BACKGROUND: No routinely recommended cardiovascular disease (CVD) risk prediction equations have adjusted for CVD preventive medications initiated during follow-up (treatment drop-in) in their derivation cohorts. This will lead to underestimation of risk when equations are applied in clinical practice if treatment drop-in is common. We aimed to quantify the treatment drop-in in a large contemporary national cohort to determine whether equations are likely to require adjustment.

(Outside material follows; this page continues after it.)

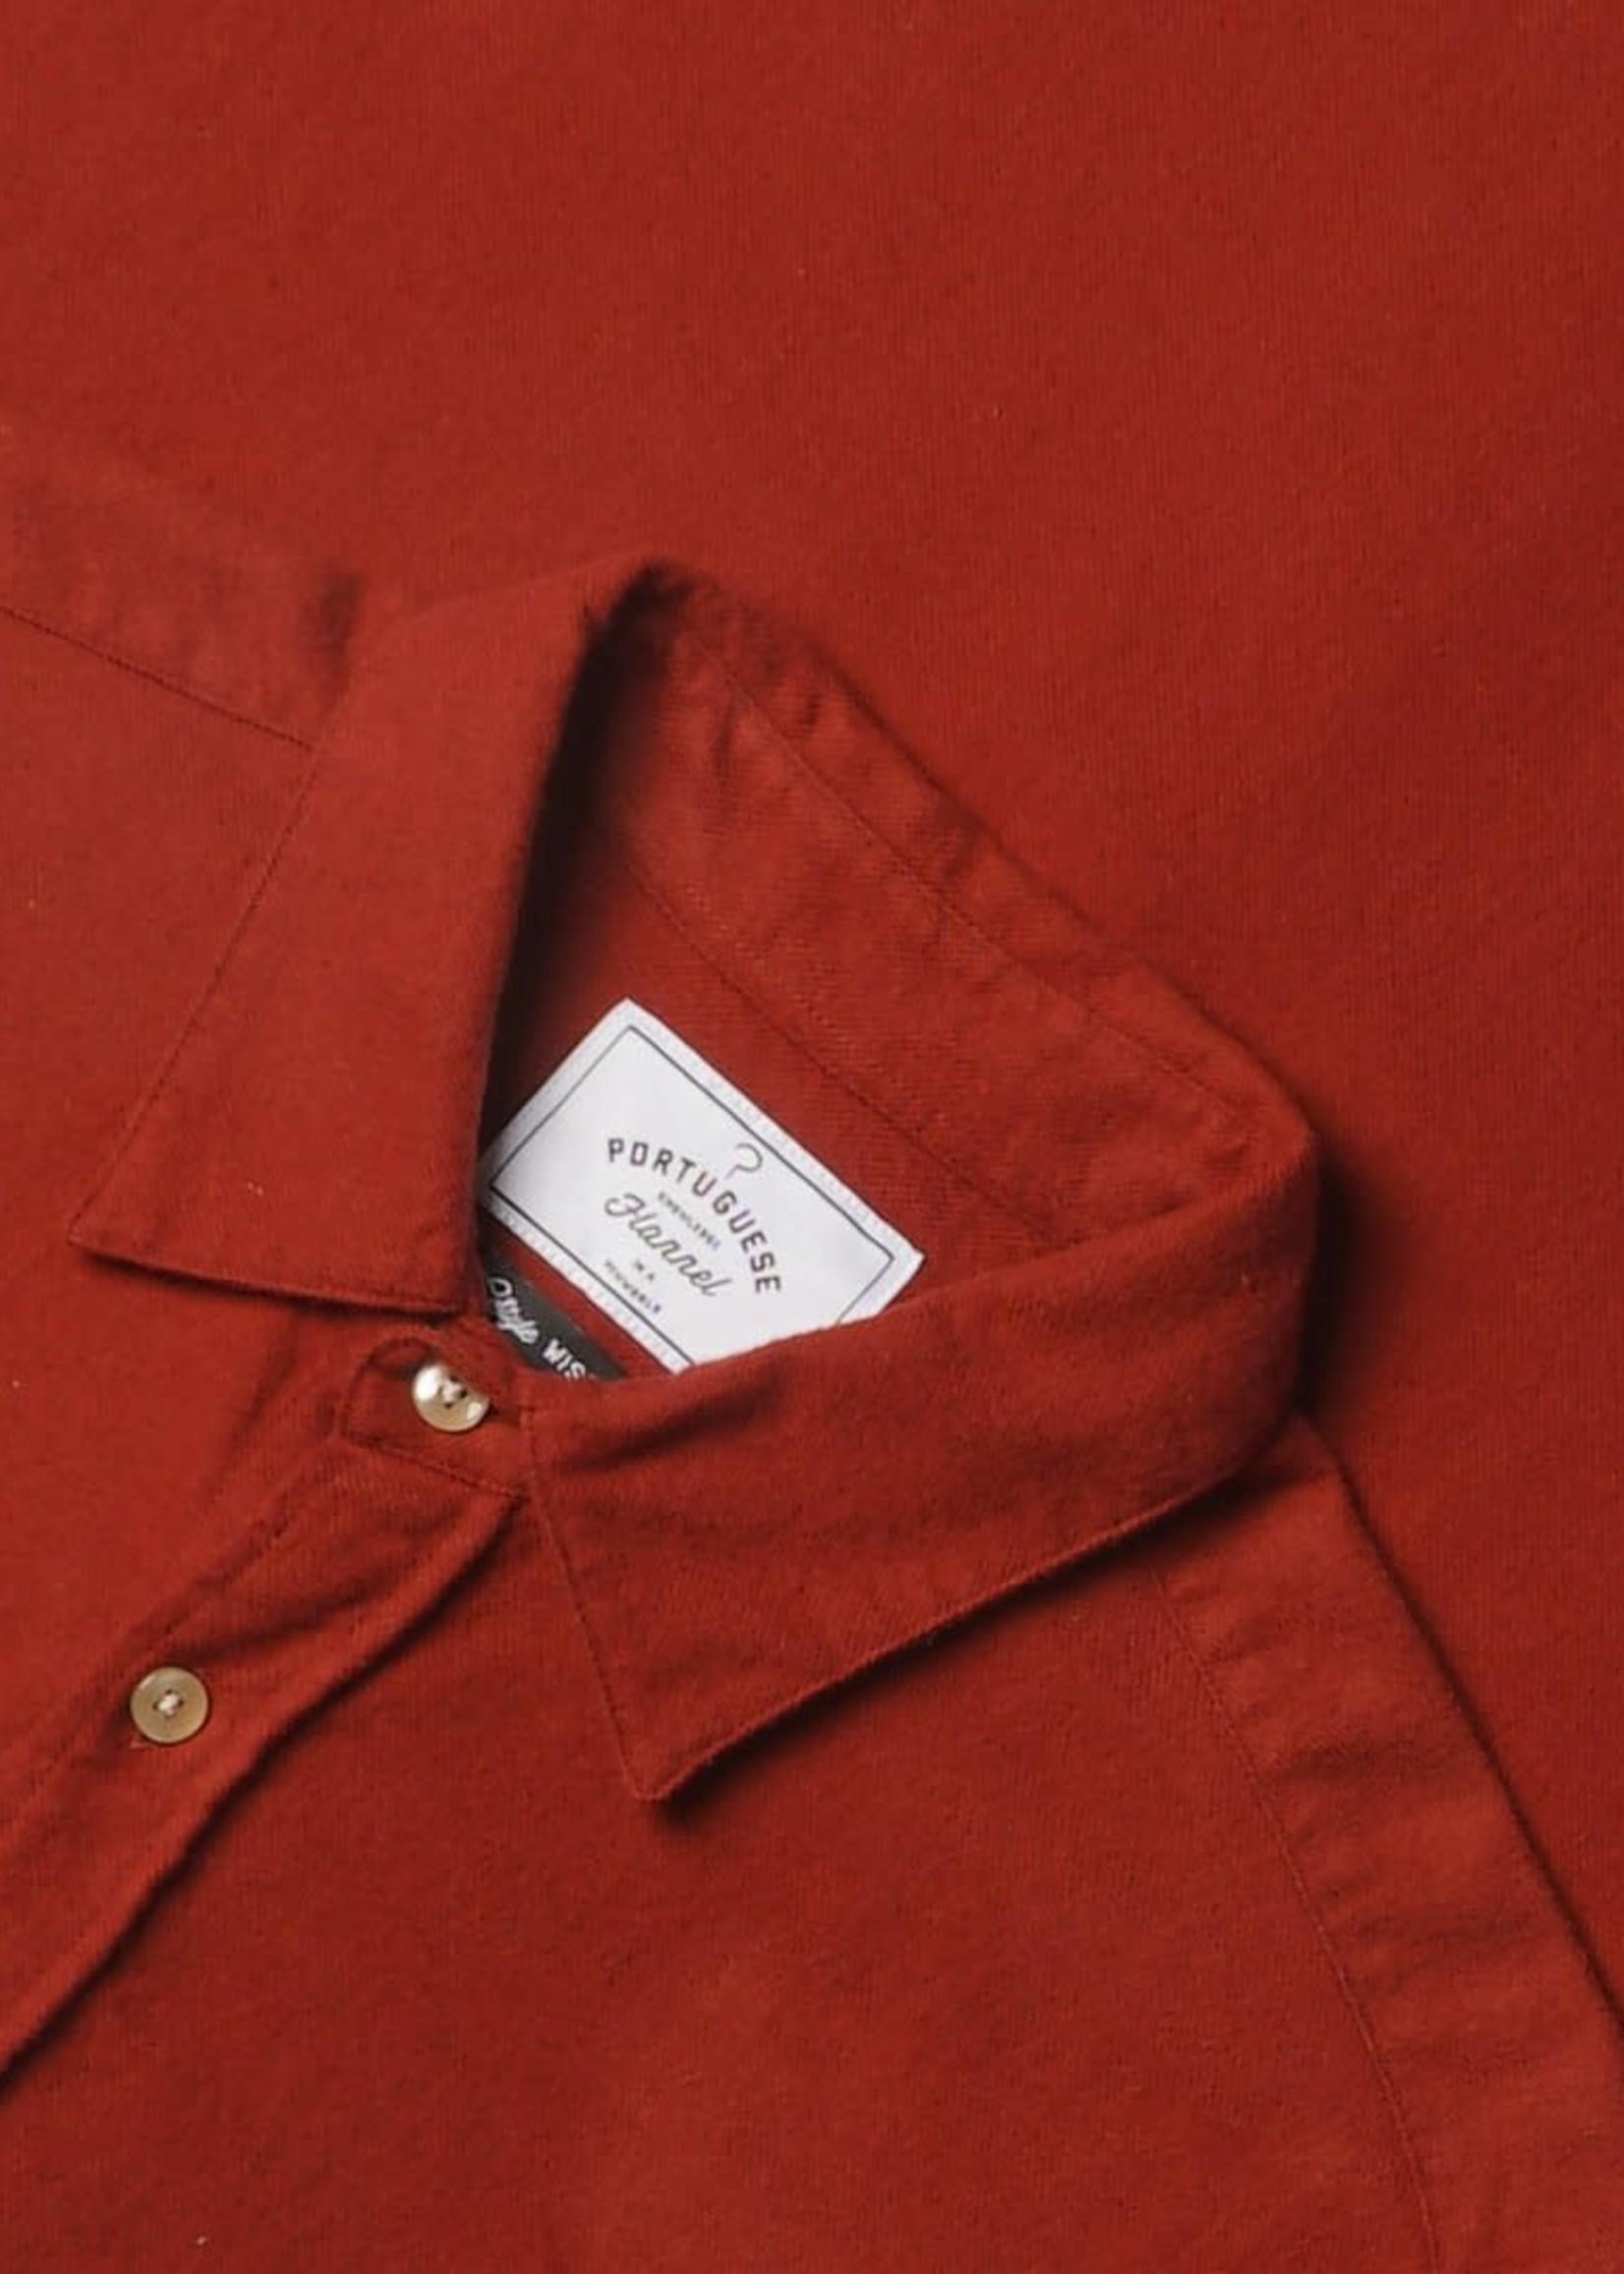 Portuguese Flannel Portuguese Flannel Teca Merlot Flannel Sport Shirt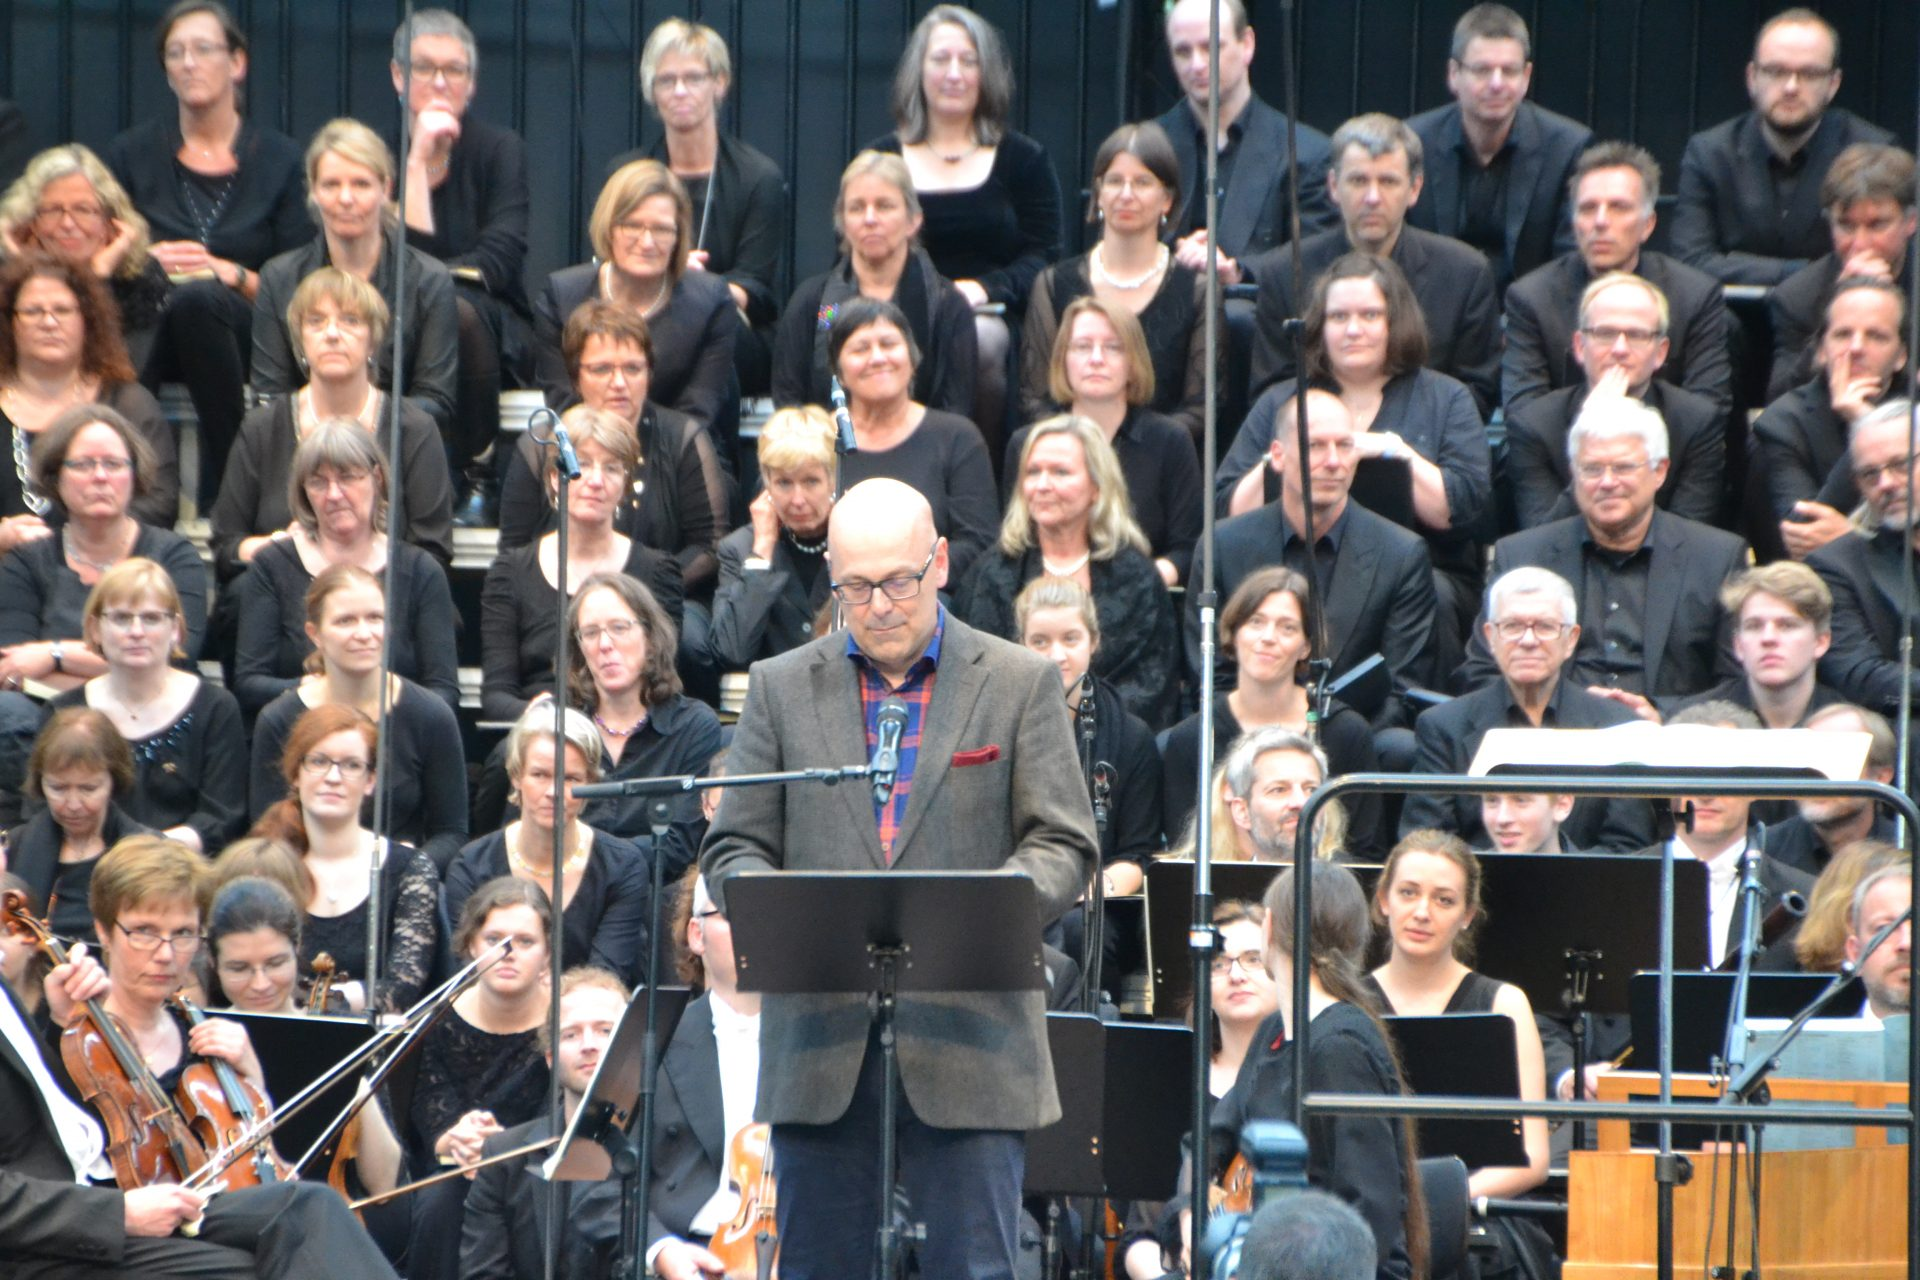 Festkonzert 30 Jahre SHMF – The Big Seasons

METHODS: Eight de-identified individual-level national health administrative datasets in Aotearoa New Zealand were linked to establish a cohort of almost all New Zealanders without CVD and aged 30-74 years in 2006. Individuals dispensing blood-pressure-lowering and/or lipid-lowering medications between 1 July 2006 and 31 December 2006 (baseline dispensing), and in each 6-month period during 12 years' follow-up to 31 December 2018 (follow-up dispensing), were identified. Person-years of treatment drop-in were determined.

RESULTS: A total of 1 399 348 (80%) out of the 1 746 695 individuals in the cohort were not dispensed CVD medications at baseline. Blood-pressure-lowering and/or lipid-lowering treatment drop-in accounted for 14% of follow-up time in the group untreated at baseline and increased significantly with increasing predicted baseline 5-year CVD risk (12%, 31%, 34% and 37% in <5%, 5-9%, 10-14% and ≥15% risk groups, respectively) and with increasing age (8% in 30-44 year-olds to 30% in 60-74 year-olds).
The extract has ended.